Getting started with Milvus cluster and K8s
Introduction
Milvus is a distributed vector database that aims to store, index and manage massive embedding vectors. Its ability to efficiently index and search through trillions of vectors makes Milvus a go-to choice for AI and machine learning workloads.
Kubernetes (K8s), on the other hand, excels in managing and scaling containerized applications. It provides features like auto-scaling, self-healing, and load balancing, which are crucial for maintaining high availability and performance in production environments.
Why Use Them Together?
K8s can automatically scale the Milvus clusters based on the workload. As your data grows or the number of queries increases, K8s can spin up more Milvus instances to handle the load, ensuring your applications remain responsive.
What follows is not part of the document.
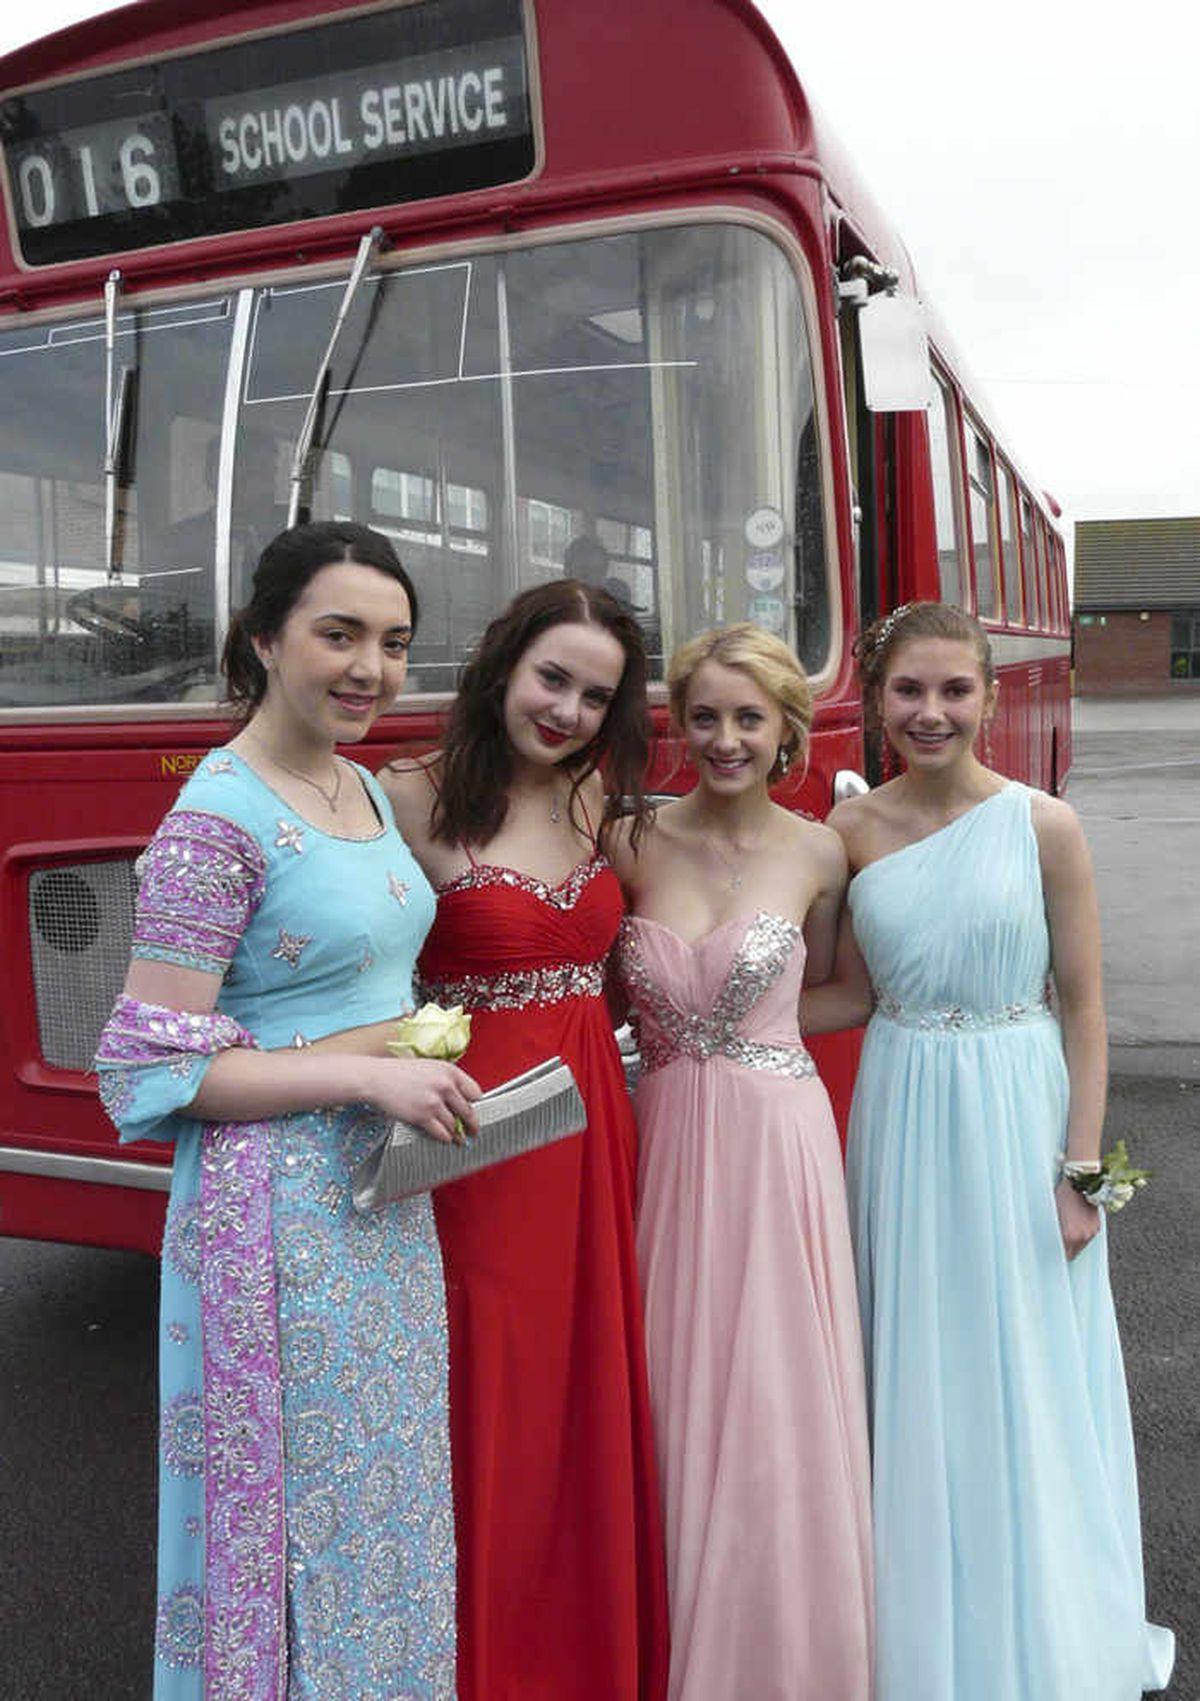 It was a journey by old-fashioned bus for Naomi Yates, Emily Jones, Chloe Hammond and Ffion Jones at at Grange School, Shrewsbury

One of the standout features of K8s is its horizontal scaling, which makes expanding your Milvus cluster a breeze. As your dataset grows, K8s effortlessly accommodates this growth, making it a straightforward and efficient solution.
In addition, the ability to handle queries also scales horizontally with K8s. As the query load increases, K8s can deploy more Milvus instances to handle the increased similarity search queries, ensuring low latency responses even under heavy loads.
Prerequisites & Setting Up K8s
Prerequisites
Docker - Ensure Docker is installed on your system.
Kubernetes - Have a Kubernetes cluster ready. You can use
minikube
for local development or a cloud provider’s Kubernetes service for production environments.Helm - Install Helm, a package manager for Kubernetes, to help you manage Kubernetes applications, you can check our documentation to see how to do that https://milvus.io/docs/install_cluster-helm.md
Kubectl - Install
kubectl
, a command-line tool for interacting with Kubernetes clusters, to deploy applications, inspect and manage cluster resources, and view logs.
Setting Up K8s
After installing everything needed to run a K8s cluster, and if you used minikube
, start your cluster with:
minikube start
Check the status of your K8s cluster with:
kubectl cluster-info
Deploying Milvus on K8s
For this deployment, we’re opting for Milvus in cluster-mode to leverage its full distributed capabilities. We’ll be using Helm, to streamline the installation process.
1. Helm Installation Command
helm install my-milvus milvus/milvus --set pulsar.enabled=false --set kafka.enabled=true
This command installs Milvus on your K8s cluster with Kafka enabled and Pulsar disabled. Kafka serves as the messaging system within Milvus, handling data streaming between different components. Disabling Pulsar and enabling Kafka tailors the deployment to our specific messaging preferences and requirements.
2. Port Forwarding
To access Milvus from your local machine, create a port forward: kubectl port-forward svc/my-milvus 27017:19530
.
This command maps port 19530
from the Milvus service svc/my-milvus
to the same port on your local machine, allowing you to connect to Milvus using local tools. If you leave the local port unspecified (as in :19530
), K8s will allocate an available port, making it dynamic. Ensure you note the allocated local port if you choose this method.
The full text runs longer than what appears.